Montpellier : Pour déstresser les enfants avant l’examen, l’hôpital s’est doté d’un faux IRM en forme de fusée

EXAMEN L’équipement a pour objectif de rendre l’examen ludique pour les petits patients

Nicolas Bonzom
L'hôpital s'est doté d'un IRM sous forme de jeu, pour évacuer le stress des enfants
L'hôpital s'est doté d'un IRM sous forme de jeu, pour évacuer le stress des enfants — CHU de Montpellier
  • Pour évacuer le stress des enfants face à l’examen, l’hôpital de Montpellier s’est doté d’un simulateur, qui prend la forme d’une fusée, qui reproduit les sensations d’un IRM.
  • Ce drôle d’outil permet « d’informer et de distraire l’enfant, de façon à simuler un examen IRM, pour que l’enfant puisse réaliser le véritable examen, en toute confiance », confie Olivier Martin, cadre de santé à l’hôpital de Montpellier.
  • Le but est d’éviter les anesthésies générales, parfois indispensables pour les petits.

Dans son service de neuroradiologie, l'hôpital Gui-de-Chauliac, à Montpellier (Hérault), a installé une fusée. Sur le mur de cette pièce, est dessiné un astronaute, perché sur une petite planète, un drapeau à la main. On se croirait presque dans la chambre d’un enfant fasciné par l'espace. Cette fusée est un simulateur, qui reproduit les sensations d’un IRM (Imagerie par résonance magnétique).

Grâce aux mécènes du fonds Guilhem, le CHU s’est doté de ce drôle d’appareil, qui vise à évacuer le stress des petits patients, âgés de 2 à 6 ans, en leur montrant comment ça marche, avant de s’engouffrer dans le véritable IRM. Et de rendre ludique, et même plutôt agréable, un acte médical qui peut s’avérer un peu stressant pour les plus jeunes. Et pour leurs parents.
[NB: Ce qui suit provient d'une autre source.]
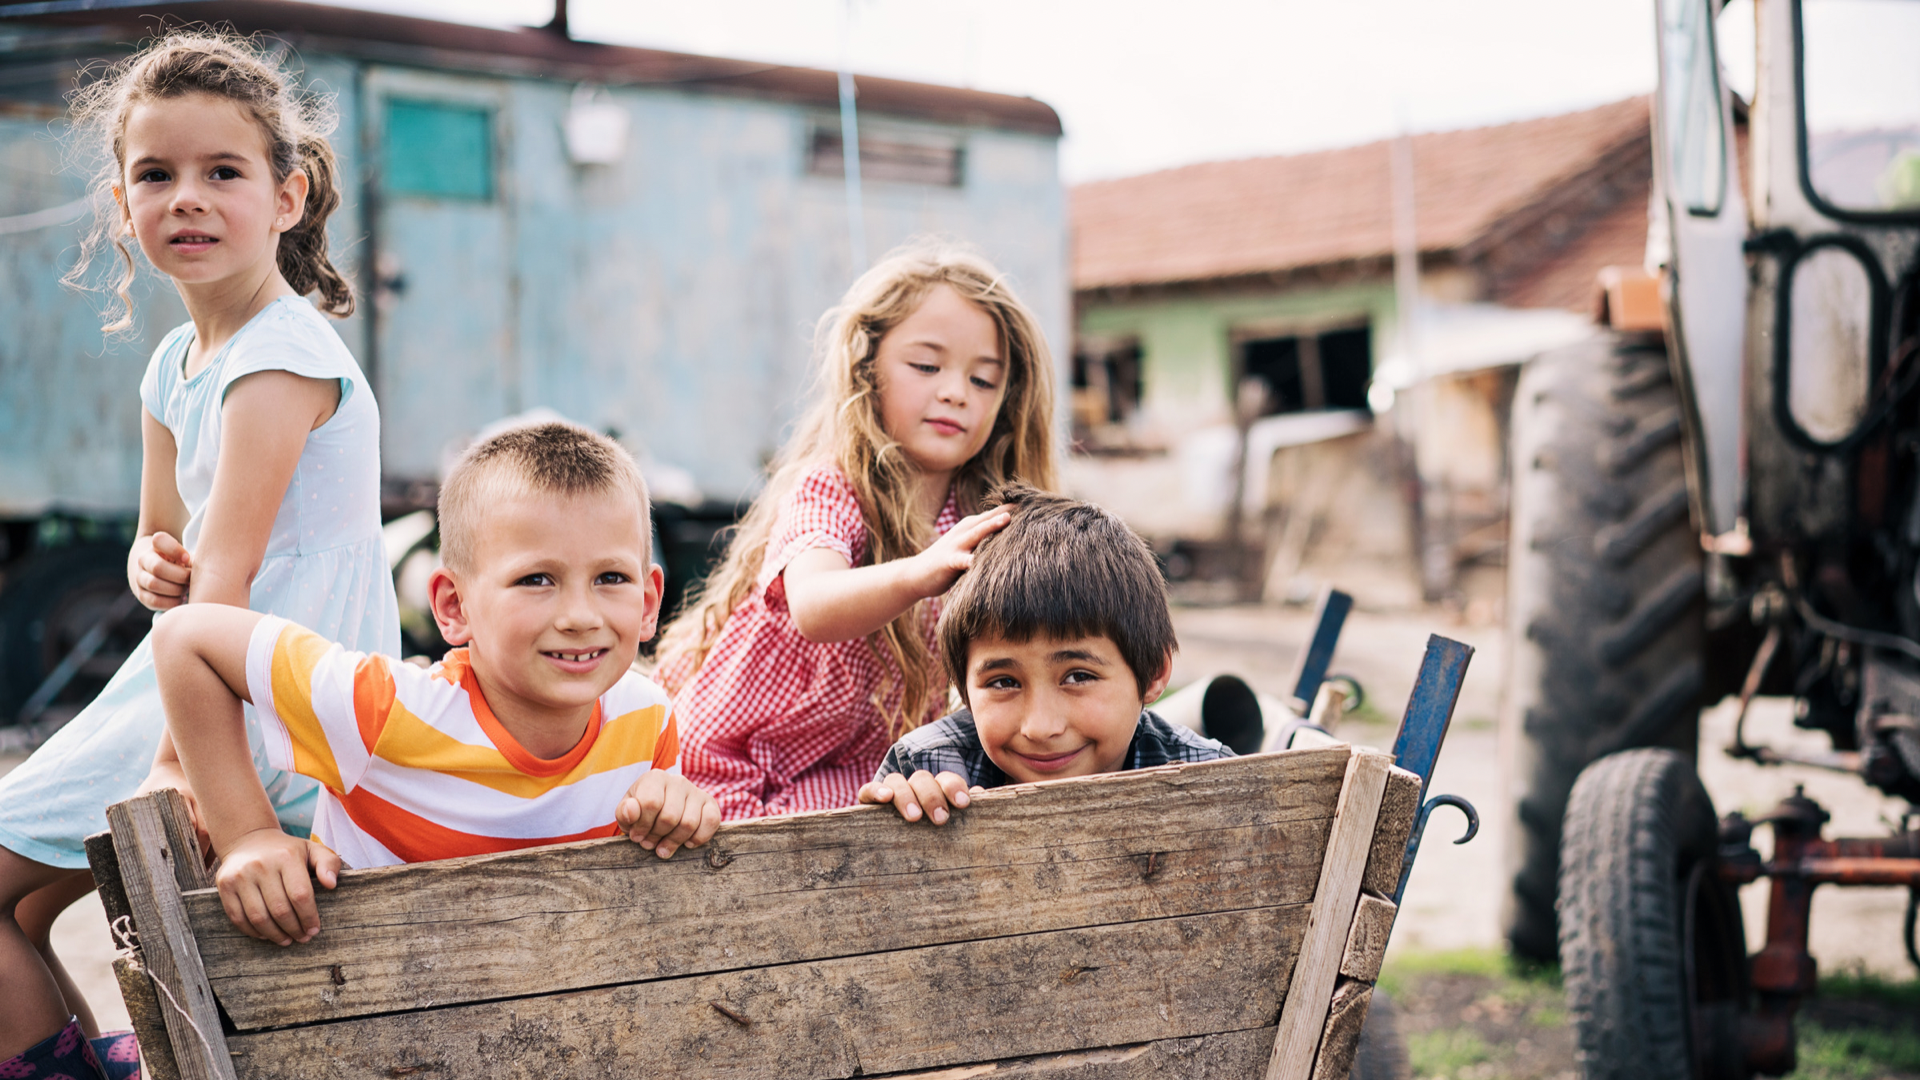 Kids on farms - featured image.

Cet outil permet « d’informer et de distraire l’enfant, de façon à simuler un examen IRM, pour que l’enfant puisse réaliser le véritable examen, en toute confiance », confie Olivier Martin, cadre de santé à l’hôpital de Montpellier.

Eviter les anesthésies générales

Pendant 10 à 20 minutes, le jeune patient peut ainsi explorer le matériel, accompagné d’un bénévole de l’association Les Blouses roses ou d’un membre du personnel de l’hôpital, et se familiariser avec les bruits qu’il entendra lors de l’examen, avec la position allongée, et comprendre qu’il doit rester totalement immobile. Une fois rassuré, il peut pénétrer dans la fusée, et faire un essai, en regardant des dessins animés. Son passage dans le simulateur est enregistré, ce qui lui permet de débriefer ensuite, avec lui.

Car l’IRM est un examen long et bruyant, « qui, jusqu’à présent, nous imposait, pour les enfants que l’on n’arrivait pas à calmer, de recourir à une anesthésie générale, poursuit Olivier Martin. L’objectif de cet équipement est de permettre de réaliser cet examen sans anesthésie générale. Ne sont toutefois éligibles à ce simulateur que les enfants qui sont suffisamment coopérants, capables de comprendre et d’écouter les consignes. »

A la fin de l'acte, l'appareil félicite l'enfant, comme s'il avait remporté le jeu
A la fin de l'acte, l'appareil félicite l'enfant, comme s'il avait remporté le jeu - CHU de Montpellier

Un véritable atout, pour Nicolas Leboucq, le responsable de l’équipe médicale de neuro-imagerie pédiatrique. « Nous venons d’obtenir cet outil dans notre service, indique le médecin. Mais selon les retours que nous avons des autres services de radio pédiatrie dans les différents CHU français, nous constatons un véritable bénéfice, entre 50 et 80 % de diminution des anesthésies générales chez ces enfants. » Et l’enfant, une fois le véritable examen effectué, a même droit à un petit cadeau, de la part de l’équipe.